** WHAT THE TASK ASKS **
Transcribe all the lines below exactly. Omit the pictures.

(INFORMATION SUPPLIED)

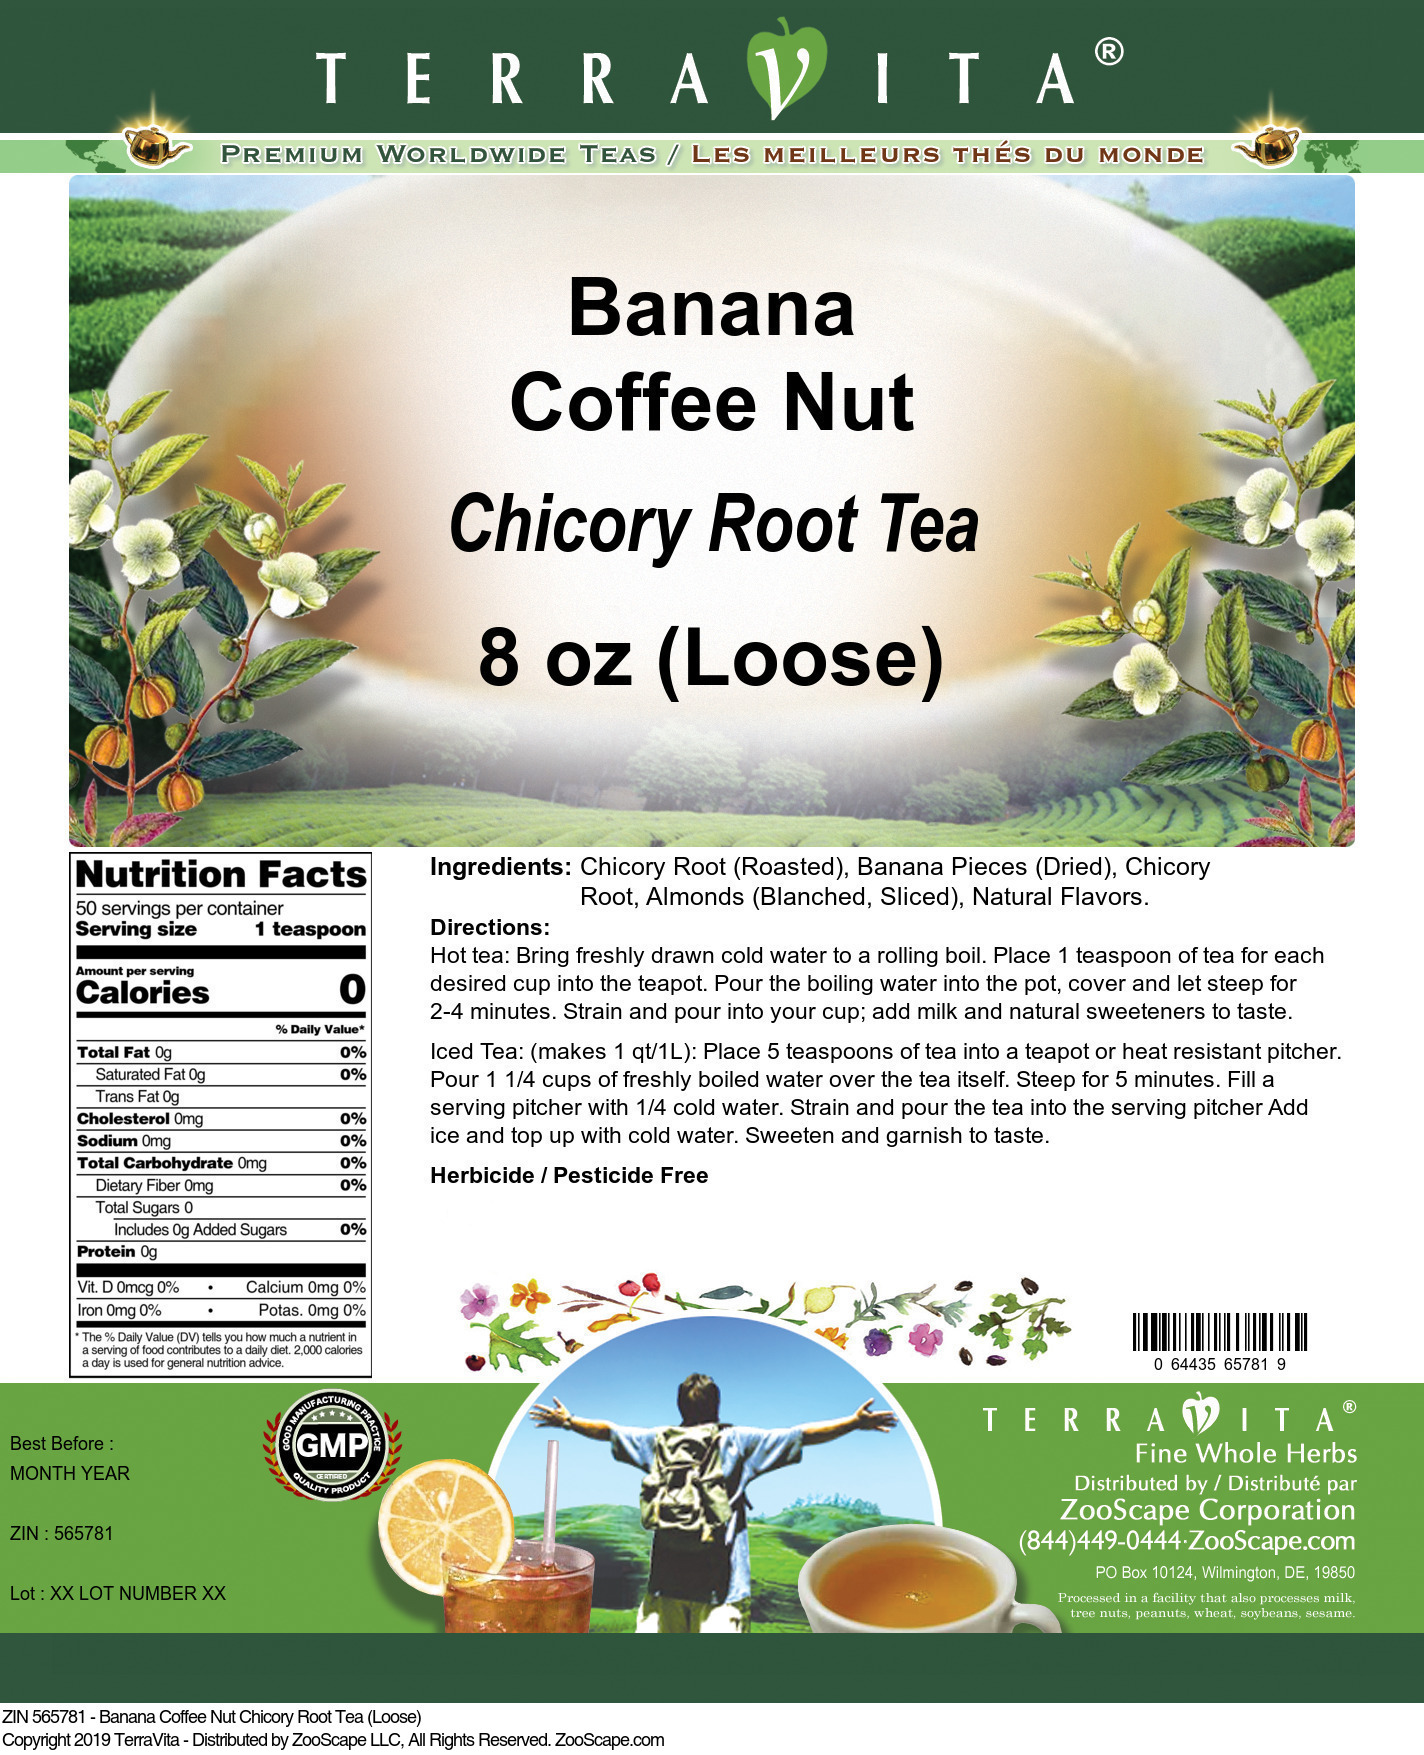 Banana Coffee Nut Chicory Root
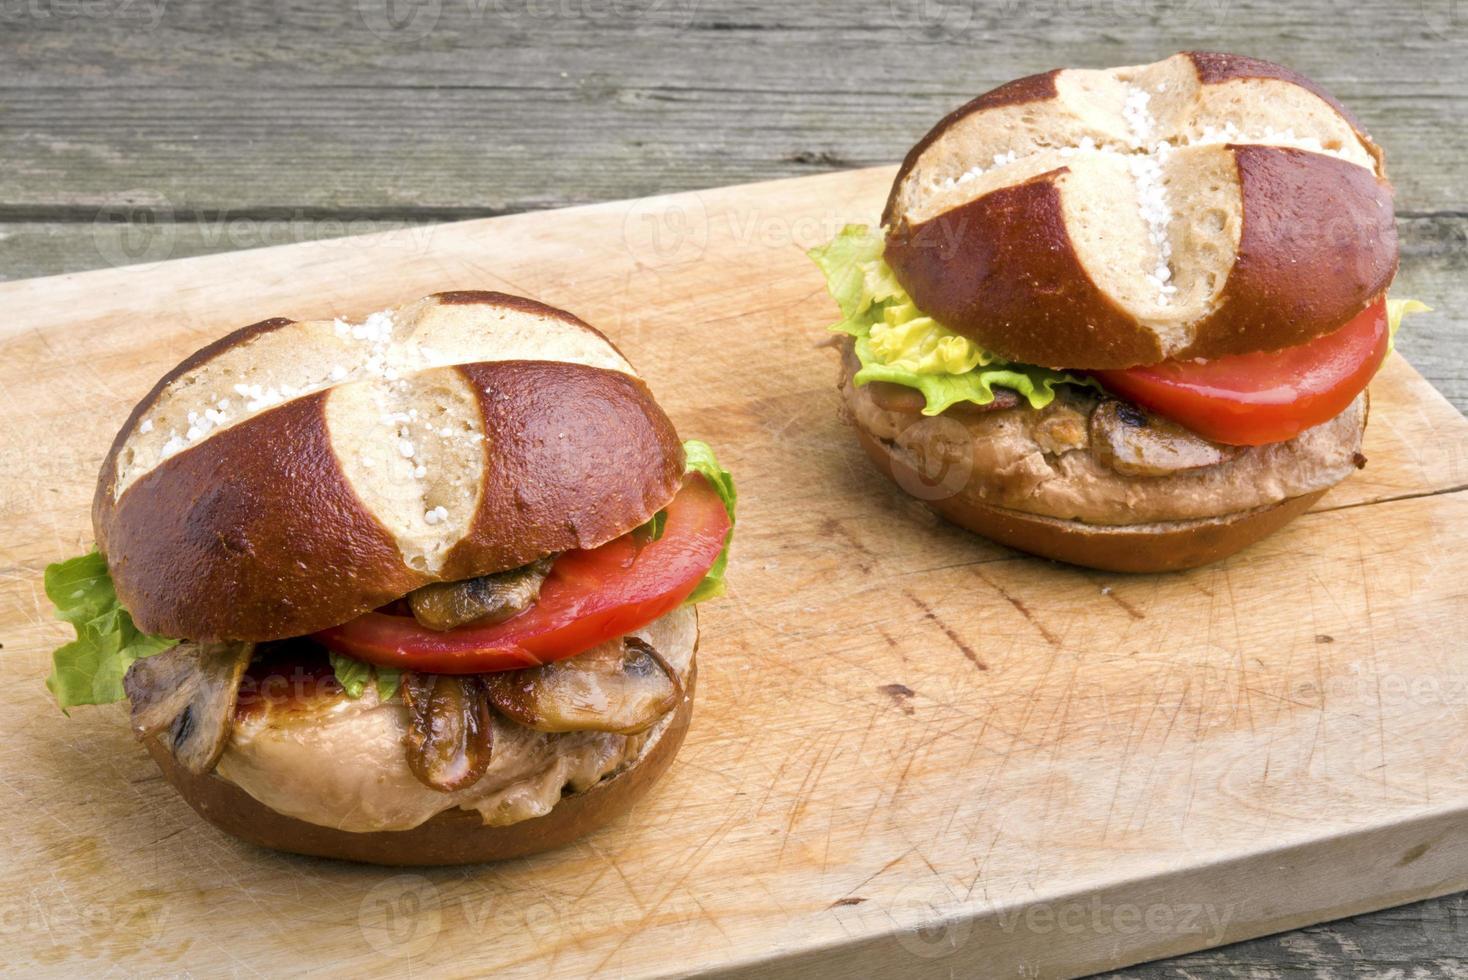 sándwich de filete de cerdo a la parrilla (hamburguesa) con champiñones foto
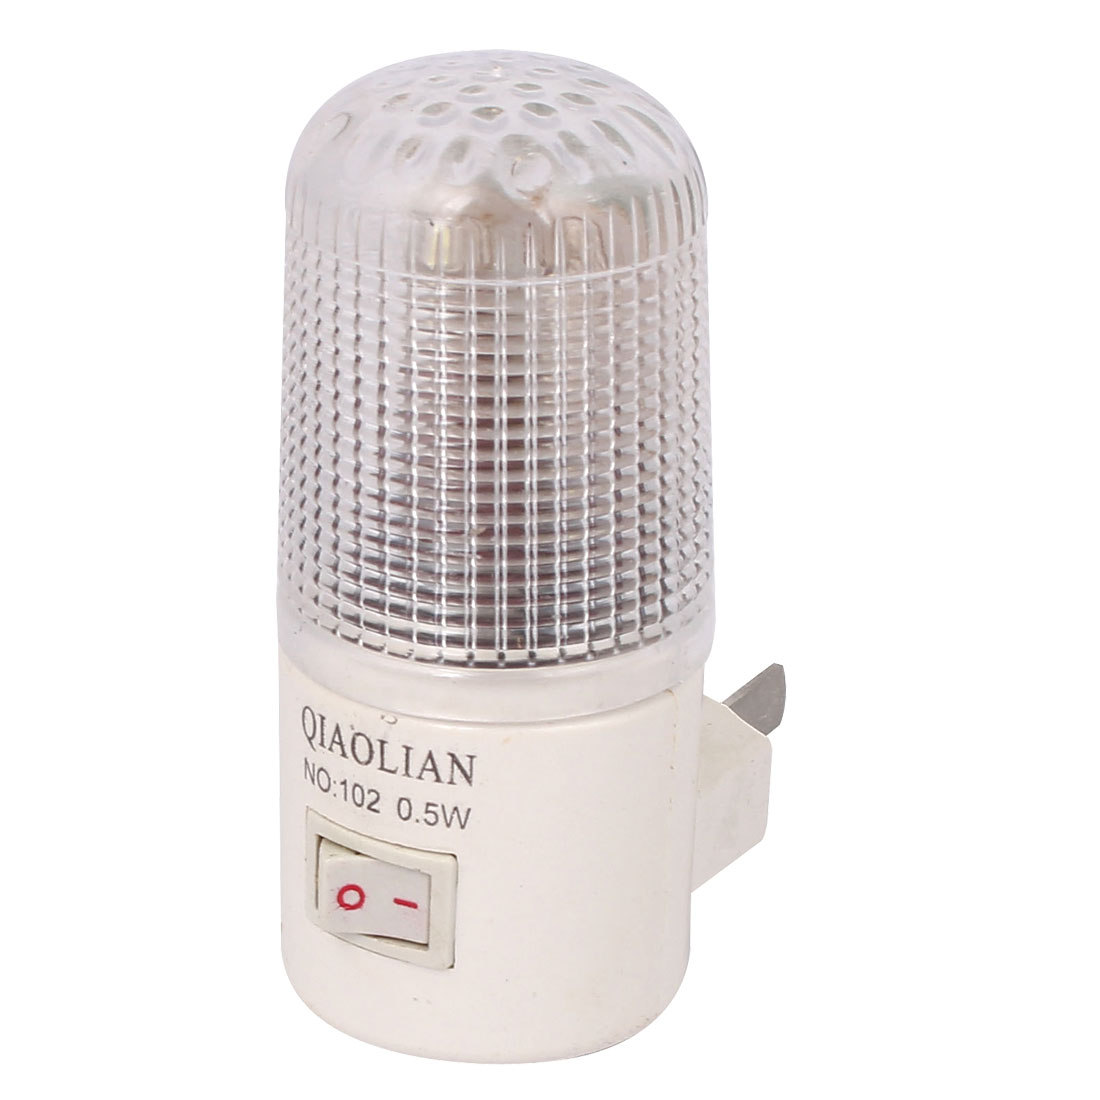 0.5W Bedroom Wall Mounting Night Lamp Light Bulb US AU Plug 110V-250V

(End INFORMATION SUPPLIED)

** EXERCISE ANSWER **
 Banana Coffee Nut Chicory Root
 sándwich de filete de cerdo a la parrilla (hamburguesa) con champiñones foto
 0.5W Bedroom Wall Mounting Night Lamp Light Bulb US AU Plug 110V-250V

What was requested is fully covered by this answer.